EXERCISE GOAL —
Instruction for the data below: set down exactly the lines from the line with "Kiến trúc ở" to the line with "Un vecino pasa", inclusive, and no others.

RECORD EXCERPTS —
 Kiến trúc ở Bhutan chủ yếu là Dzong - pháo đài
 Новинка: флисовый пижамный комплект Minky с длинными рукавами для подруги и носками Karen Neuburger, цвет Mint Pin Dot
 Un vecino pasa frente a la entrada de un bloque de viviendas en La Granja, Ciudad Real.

* * *

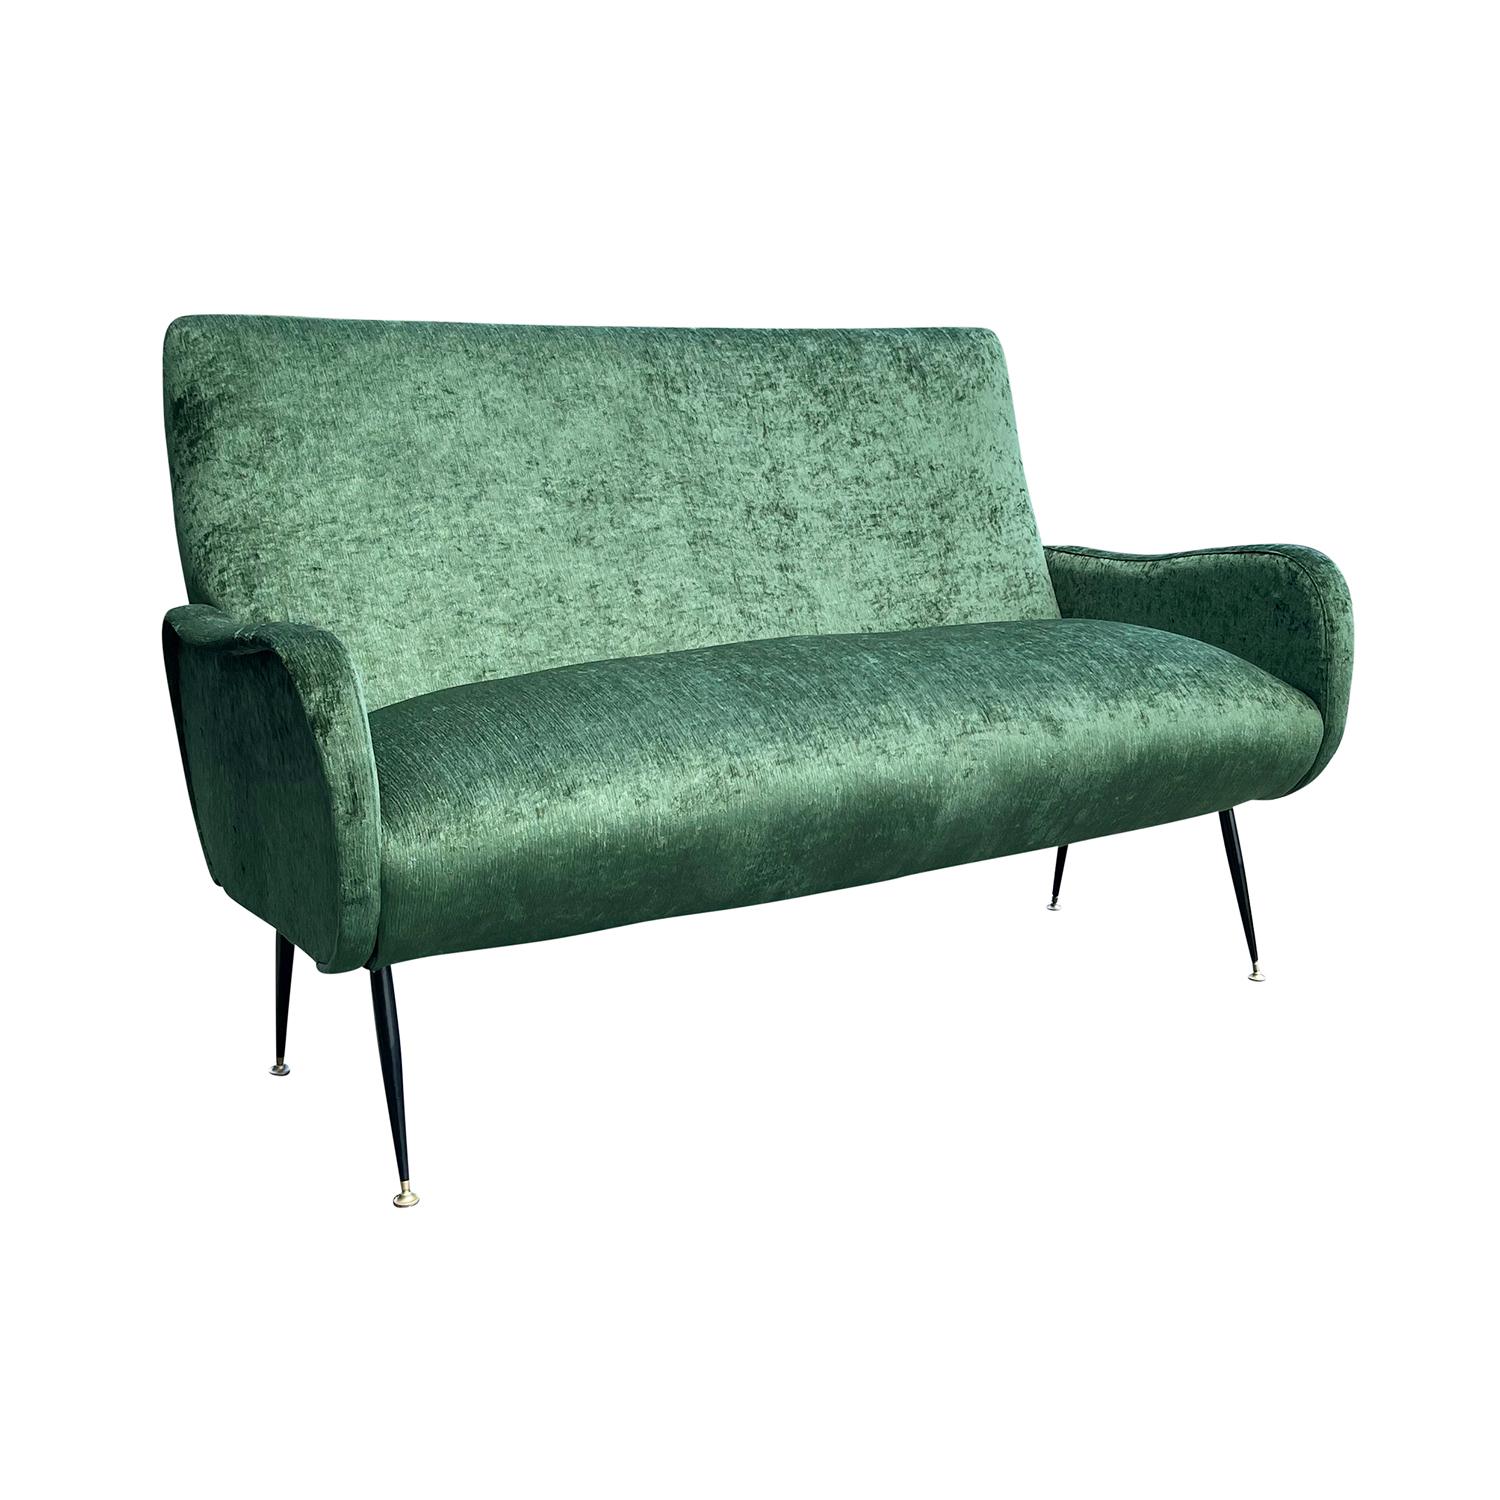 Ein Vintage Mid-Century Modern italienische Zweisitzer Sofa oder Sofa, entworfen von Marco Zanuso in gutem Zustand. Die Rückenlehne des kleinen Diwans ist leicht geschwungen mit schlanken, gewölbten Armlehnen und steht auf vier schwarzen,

TASK OUTPUT —
 Kiến trúc ở Bhutan chủ yếu là Dzong - pháo đài
 Новинка: флисовый пижамный комплект Minky с длинными рукавами для подруги и носками Karen Neuburger, цвет Mint Pin Dot
 Un vecino pasa frente a la entrada de un bloque de viviendas en La Granja, Ciudad Real.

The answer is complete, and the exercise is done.